Au passage, notons que vous vous vantez d’avoir ajusté la subvention au CCAS « au juste besoin« , ce qui est un aveu de la gabegie qui régnait.
En dépit de la fin de Musique en stock, qui coûtait 350 000€, le budget fête et cérémonie ne diminue que de 169 085€. Nous en reparlerons d’ailleurs lors de la décision modificative budgétaire qui va suivre.

Si l’on considère les recettes de fonctionnement à présent, je ne vous répèterai pas le couplet du bon rendement fiscal à Cluses. Mais je note d’abord que nulle part vous ne mentionnez les fonds genevois. De plus, grâce au « retraitement« , vous annoncez une baisse de recettes de 336 062€, provenant principalement des dotations de l’État.
Mais, en 2016, les recettes étaient artificiellement gonflées de 1,243 million d’IRA. En enlevant ce produit exceptionnel, elles apparaissent à 24 491 901€ en 2016, contre 25 398 839€ pour 2017, soit une hausse réelle des recettes de 906 938€.
Du côté des dépenses d’investissement, l’aménagement des abords de l’Hôtel de Ville (dont les fameux pédiluves qui sont enfin en fonctionnement) se monte à 988 000€, pour un coût réel annoncé par votre prédécesseur en septembre 2017, en réponse à une question orale de notre groupe, de 1 251 215,97€. Sans doute sont-ce là les indispensables études, imputées aux budgets précédents, et aux queues de chantier sur les prochains budgets.

Je termine, mais il y aurait beaucoup à dire. Je ne relèverai pas les faramineuses garanties d’emprunts restantes, pour un montant de 22 338 438,68€, presque équivalent au budget de fonctionnement. Conjointement aux 2/3 de la dette communale aux mains d’un seul prêteur, ce sont 2 épées de Damoclès particulièrement dangereuses au-dessus de notre Ville.

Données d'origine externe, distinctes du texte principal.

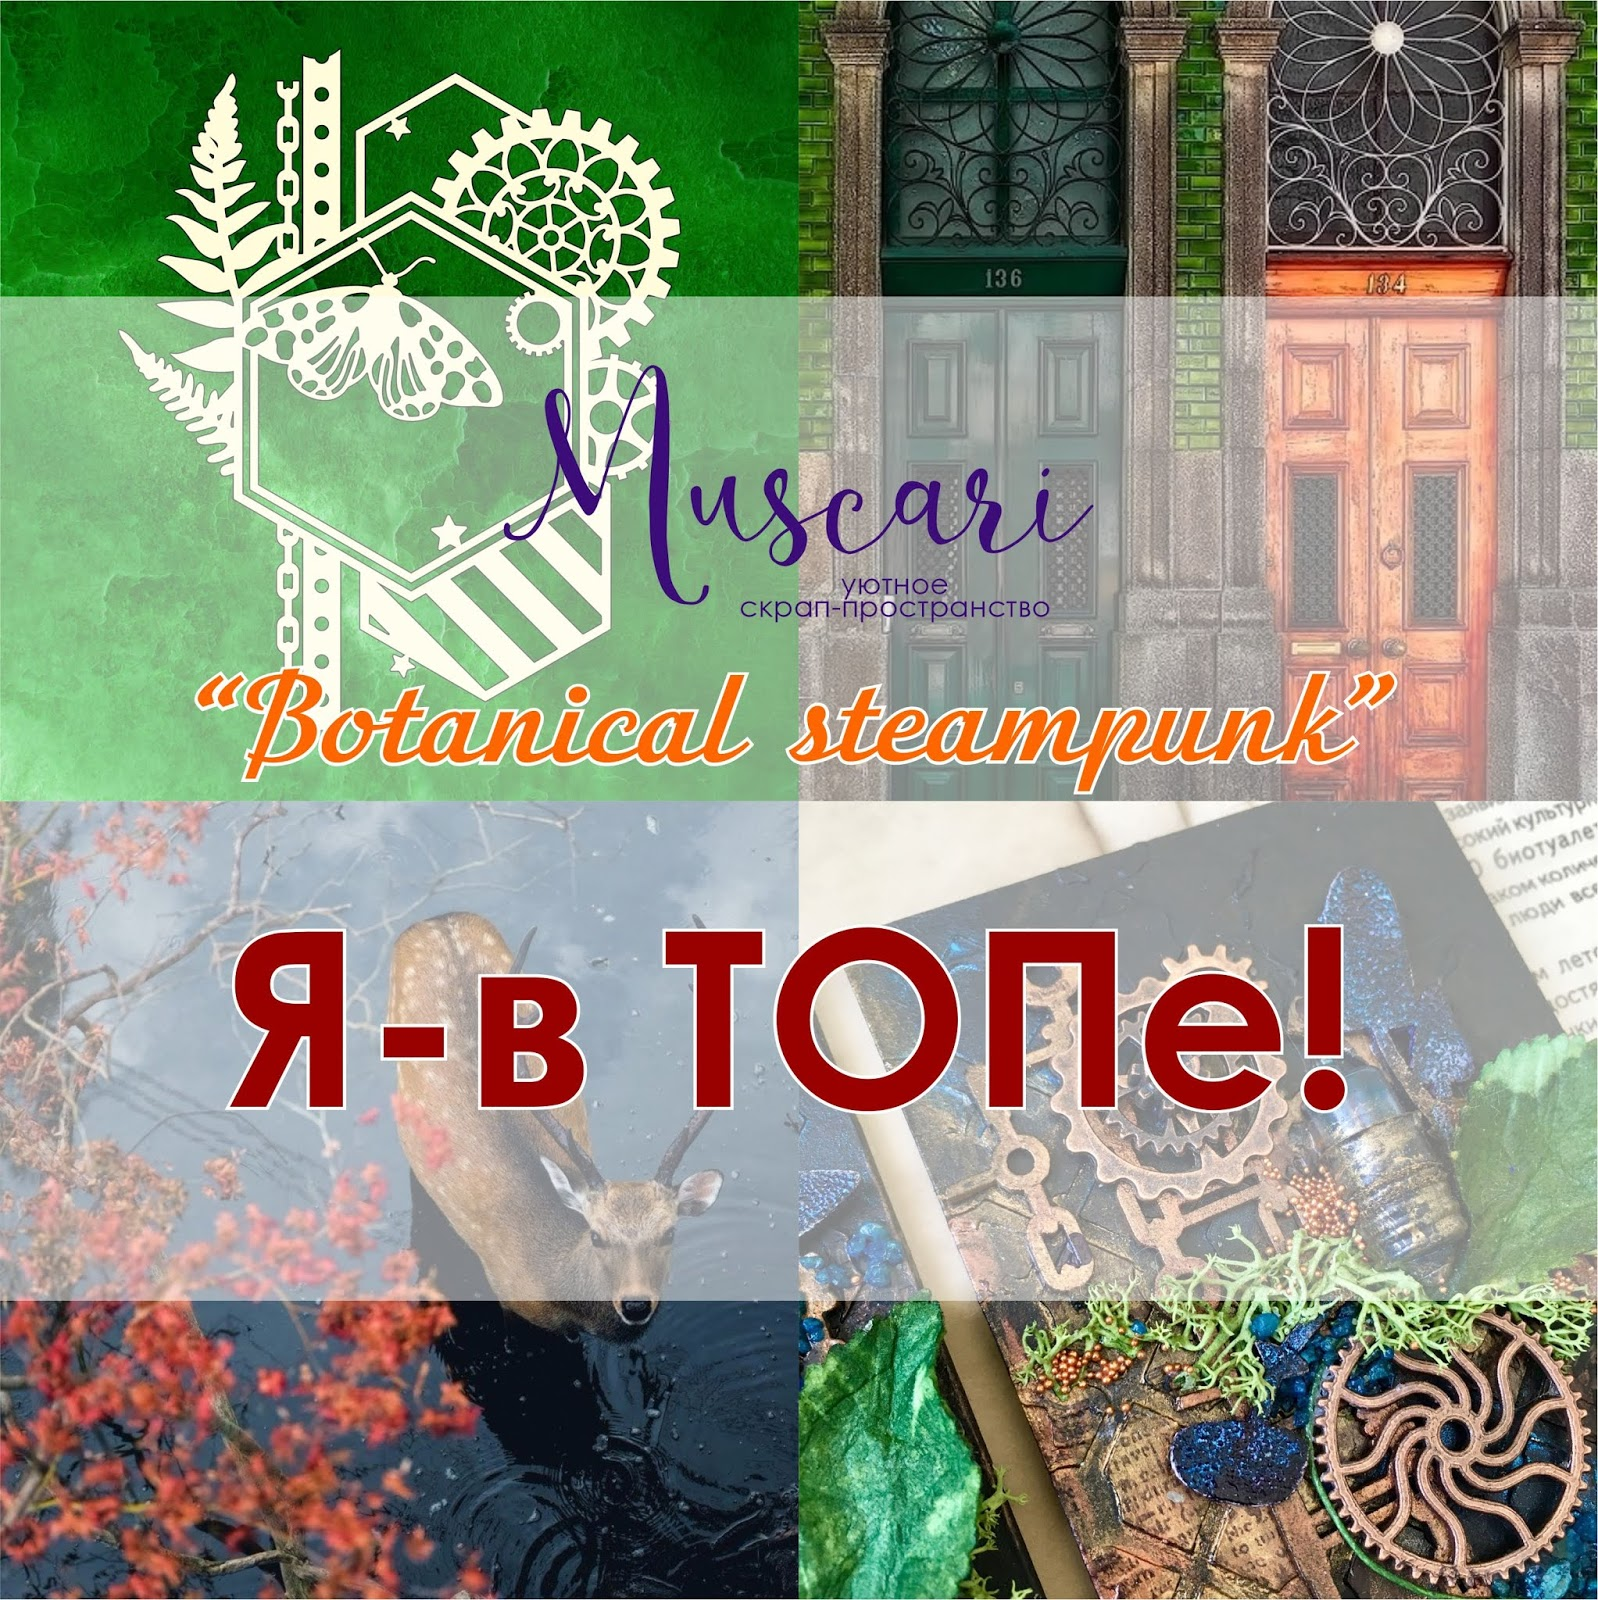 TOP 5 - Muscari

Pour conclure, donc, vous avez « retraité » les comptes afin d’obtenir une présentation plus flatteuse, dans une volonté d’affichage permettant de faire apparaître une gestion saine et rigoureuse, comme s’y était engagé votre prédécesseur vers la fin de son mandat.
Pour autant, les comptes laissent apparaître de nombreuses anomalies, que les graphiques alambiqués et les tableaux dont les lignes ne s’additionnent pas ne parviennent pas à masquer.
Vous êtes toutefois obligé de reconnaître que vous avez repris la continuité d’équipes dont la gestion a sérieusement mis notre ville dans l’embarras.